Teleperformance Opens India Center as Industry Shifts to AsiaTeleperformance USA, a subsidiary of French worldwide teleservices conglomerate SR. Teleperformance, opened its first call center in India this month, making it the latest firm to set up an operation in Asia.
Teleperformance USA already has a presence in Canada, the Philippines and the Caribbean, and that experience helped the company in its move to India.
"India was the next step," said Dominic Dato, president/CEO of Teleperformance USA. "It allowed us to expand the diversity of our offshore offerings."
The new call center is in the Gurgaon Business District in the province of Haryana, near the city of New Delhi. Though the 500-seat facility represents new ground for Teleperformance USA, Asia is becoming familiar turf for the teleservices industry.
The late 1990s marked the start of a migration of teleservices firms from the United States, where a decade of economic boom made labor scarce, to international locations with a deeper labor pool and lower labor costs. In the past year or so, much of the industry's attention has turned to India, Pakistan and the surrounding region.
The events of Sept. 11 and its aftermath have done little to stem the tide of companies moving overseas. Since September, major players such as Convergys and ATEC Group have opened call centers in India, and American Express moved 110 jobs from a center in Utah to a facility in the Philippines.
Asia remains compelling despite heightened security concerns mainly because of the savings teleservices firms can realize through Asian locations.

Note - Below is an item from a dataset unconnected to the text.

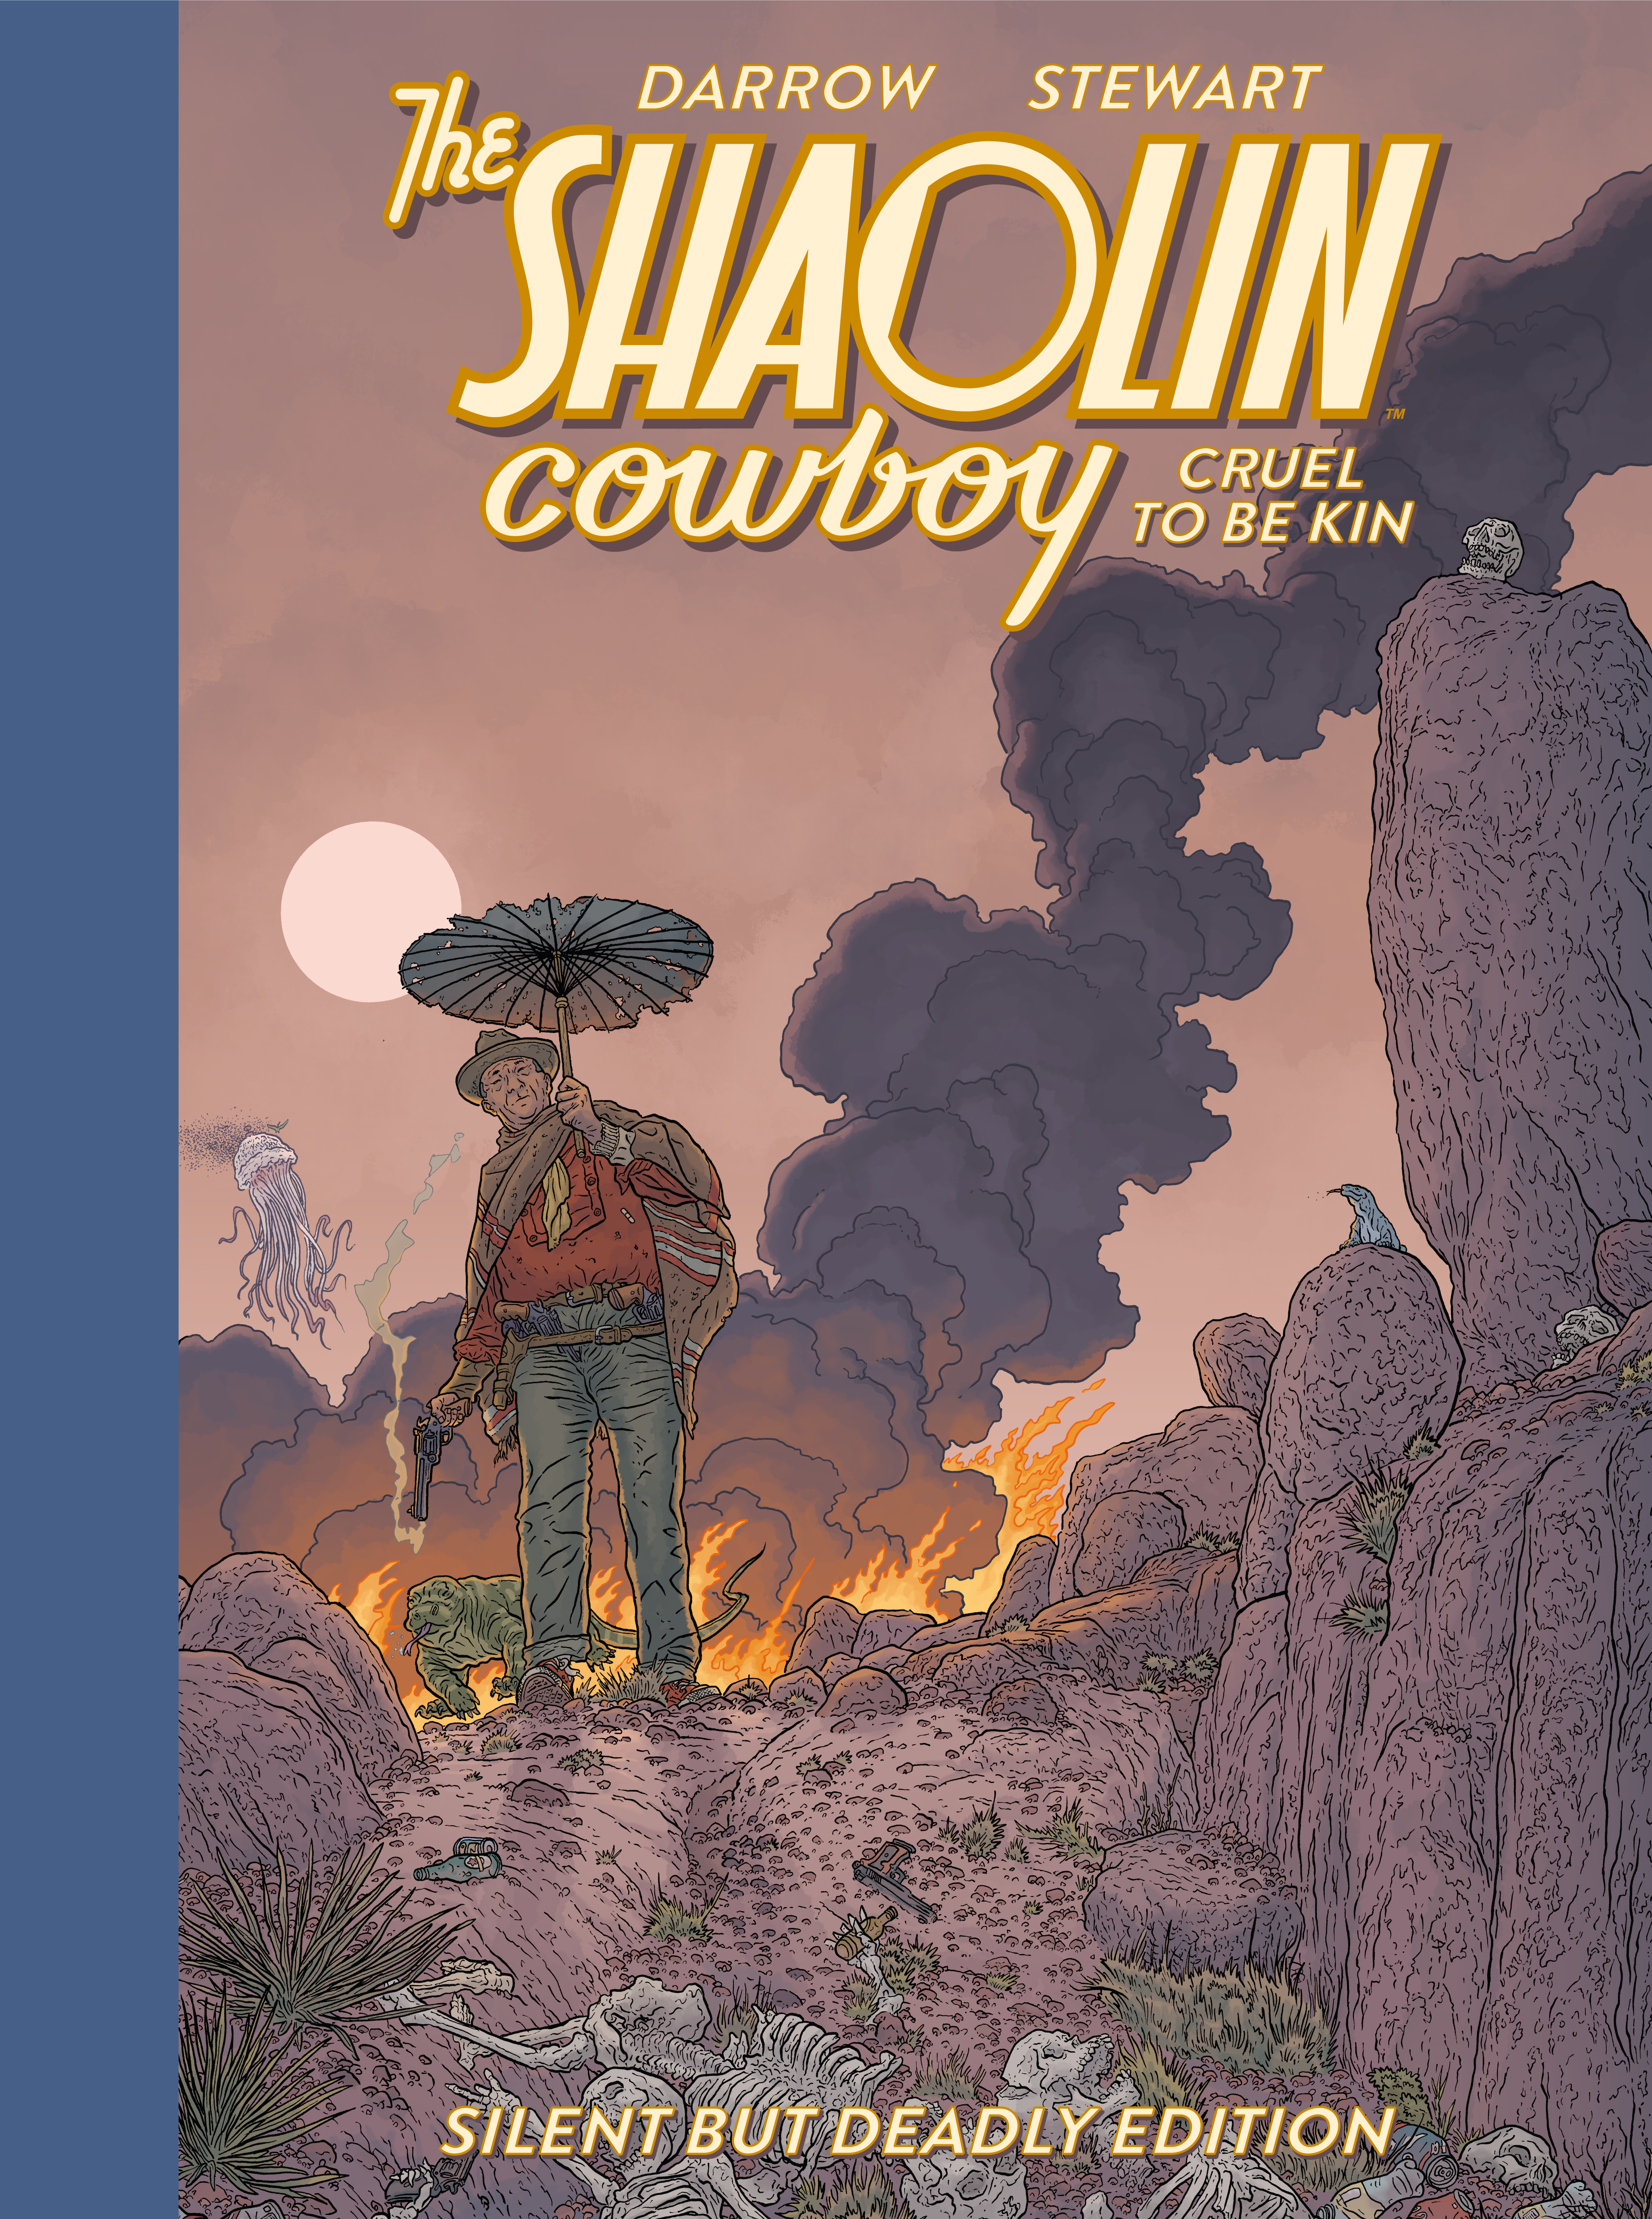 SHAOLIN COWBOY: CRUEL TO BE KIN—SILENT BUT DEADLY EDITION
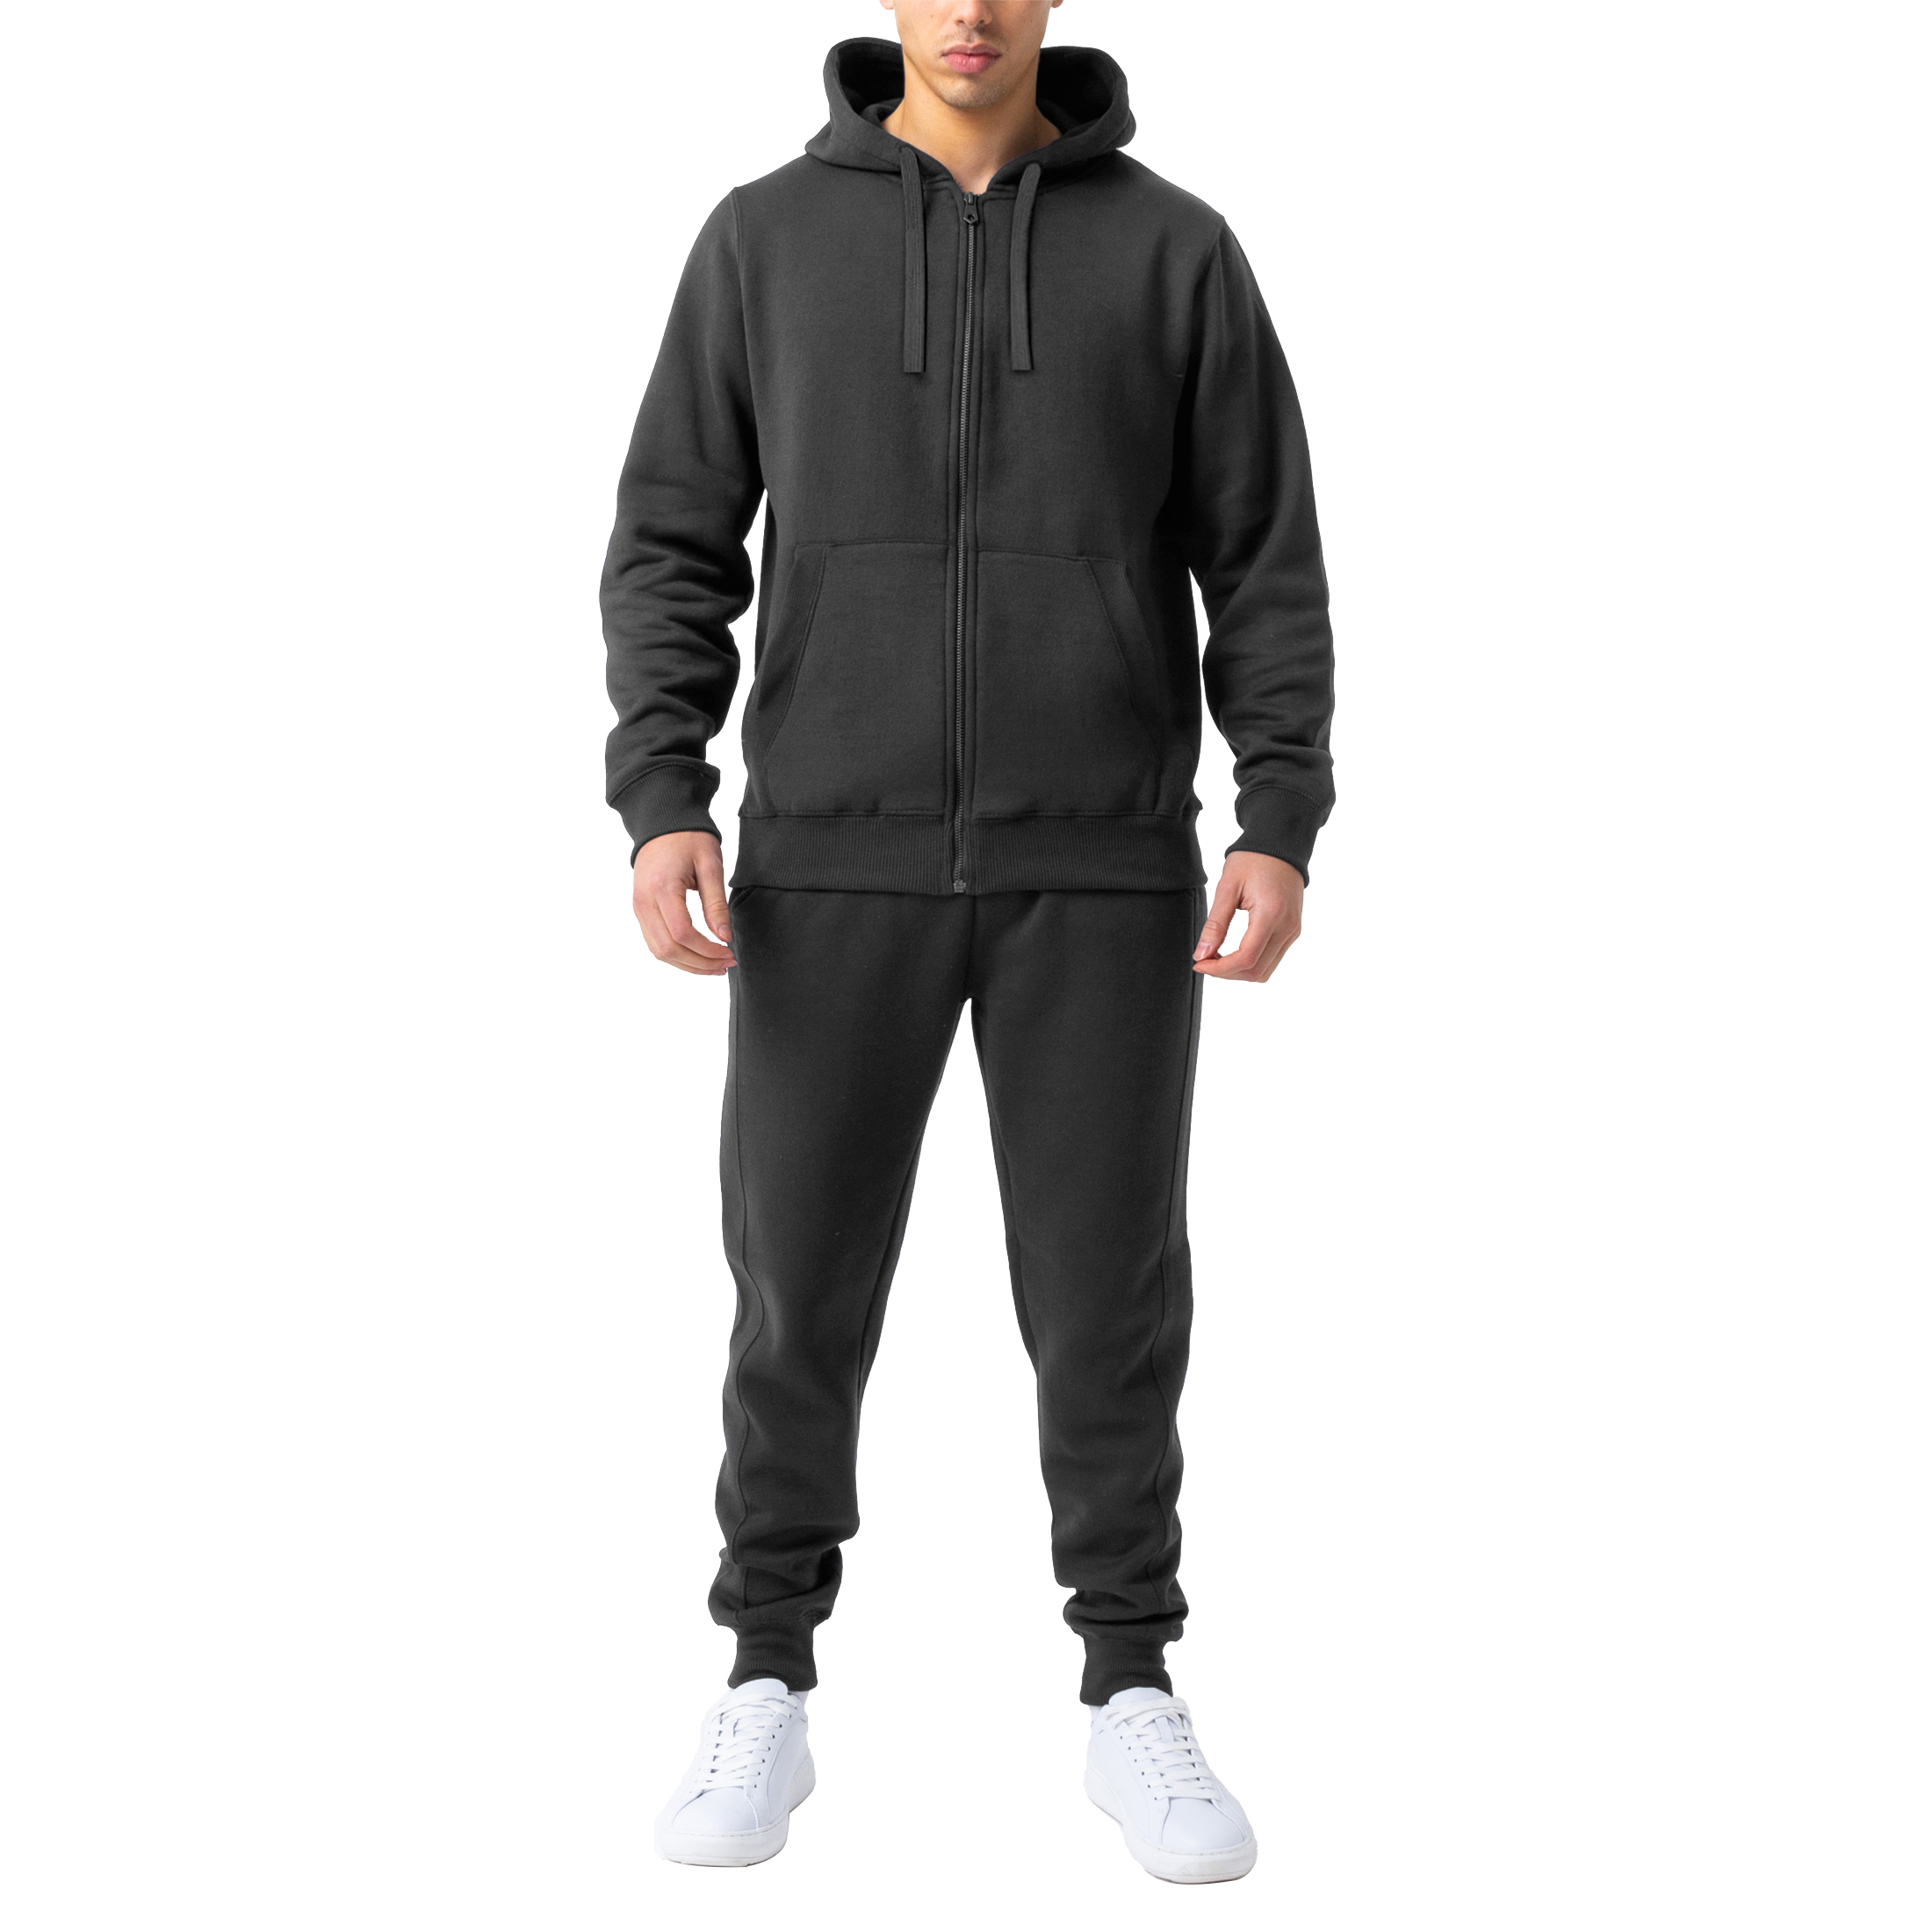 Men's Casual Jogging Athletic Active Full Zip Up Tracksuit - Charcoal, 4X-Large

Teleperformance USA would not disclose how much it stood to save by operating in India. But Outsource2India.com, a Web site that encourages U.S. businesses to outsource back-end services to Indian companies, says that labor costs for call centers in India are one-tenth of those found in the United States. Average annual per-agent costs are $5,000, according to the Web site.
Teleservices firms also are finding that the move to Asia is less difficult than it might seem. English is widely spoken in India, Pakistan and the Philippines, and recent advances in telecommunications technology have made it cost-effective to route calls from U.S. consumers to locations in Asia and back.
Furthermore, in today's global economy, companies are more experienced at moving operations overseas, making for an easier transition.
Each region in Asia has its advantages, said Amit Shankardass, enterprise solutions officer with Nashville, TN-based ClientLogic, which is preparing to open an Indian call center. For example, the population of the Philippines speaks a version of English familiar to American ears, while Indian call center agents speak a British version and must undergo accent-neutralization training when handling U.S.-based calls.
Still, crime and political violence are major issues. Dato said his company maintains a high level of security at its worldwide locations and will use those practices at the India location. Security guards, surveillance cameras and keycard entrances are the norm.
"We're committed to our employees and our customers," Dato said. "We've taken the necessary steps to secure our employees and our property."
One factor U.S. firms cannot change is the time difference between Asia and the United States, which forces call centers in Asia to operate at unusual hours to serve U.S. customers.